Drawing is a useless hobby. Real men don’t draw, my father’s voice whispers. I clench the pencil tighter at the memory of him ripping up one of my art class sketches.

Yellow wood splinters as the pencil cracks in half.

“Shit.” I throw the broken pieces in the trash bin and wipe away the remaining dust off the paper.

What the hell was I thinking by pretending I knew someone who could help Zahra? There’s no way I can do this.

My chair rolls back as I jump up and swipe my forehead with a shaky hand. I grab the paper and tear it to pieces. White shreds flutter into the waiting trash can like snowflakes of my failure, falling on top of the broken pencil.

I expect to experience some relief, but all I’m left with is a sick feeling in my stomach and a racing heart that has yet to slow. My eyes slide from my bunched-up fists to the pail filled with the tattered remains of my drawing.

There’s no one here to yell at me or make me feel like I’m worthless.
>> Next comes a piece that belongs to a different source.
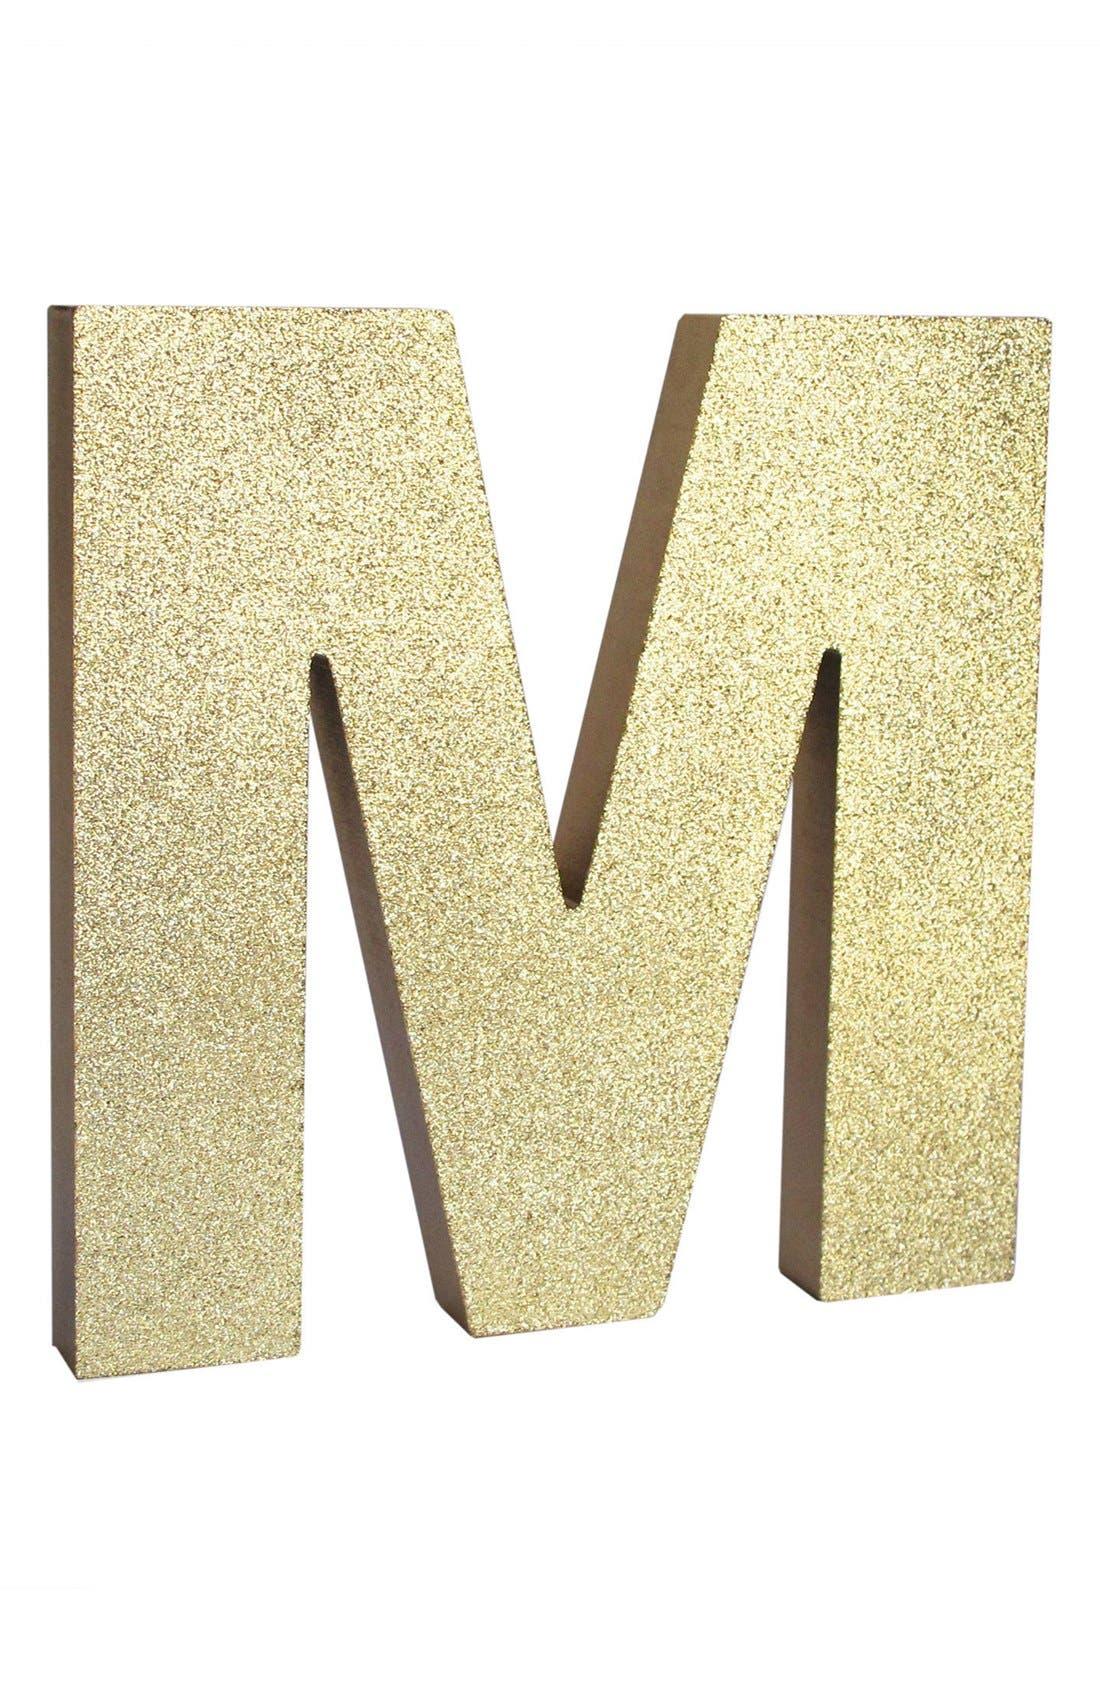 Alternate Image 1 Selected - American Atelier Glitter Monogram Letter Decoration

I’m a grown man who can handle anything slung my way, including a stupid harmless drawing.

I can do this. If not for myself, then for the future my brothers have dreamed of. Instead of focusing on the past, I remind myself of the future. One where Declan becomes CEO with me serving as his CFO. Of Cal finally finding his place within the company once we take control.

I take a seat, grab a fresh piece of paper and a pencil, and get to work.

* * *

I stop at the entrance to Zahra’s cubicle and take a moment to observe her. She bobs her head to whatever plays out of the white earbuds while she taps away at her keyboard. Her pin of the day flashes under the overhead light. Today’s choice features a salt and pepper shaker with the phraseSeasons Greetingswritten below it.

Who could hate themselves enough to wear something so atrocious?

My gaze flickers across her body before landing on the curve of her neck. The soft skin is meant to entice. To kiss and mark while she’s fucked into oblivion. There are plenty of things I’d want to do to that pretty little neck if given a chance.

Except, that’s not possible.

My moment of weakness won’t happen again. She might claim she won’t report me to HR, but I haven’t made it this far in life by trusting anyone but myself. Her options are endless, and she has every opportunity to squeeze money out of me like a wet rag. The media alone could pay for her to retire at her whopping age of twenty-three. The thought leaves a sour taste in my mouth, making my tongue dry and my throat tight.

I stomp toward her desk and slap the drawing on the surface.

She jumps up in her seat before dropping back into the cushion. “Hello! Can you announce your presence like a normal person?”

I don’t reply because I’m afraid to breathe while this close to her. All it takes is one scent of her perfume for my blood to reroute its path from my brain to my dick.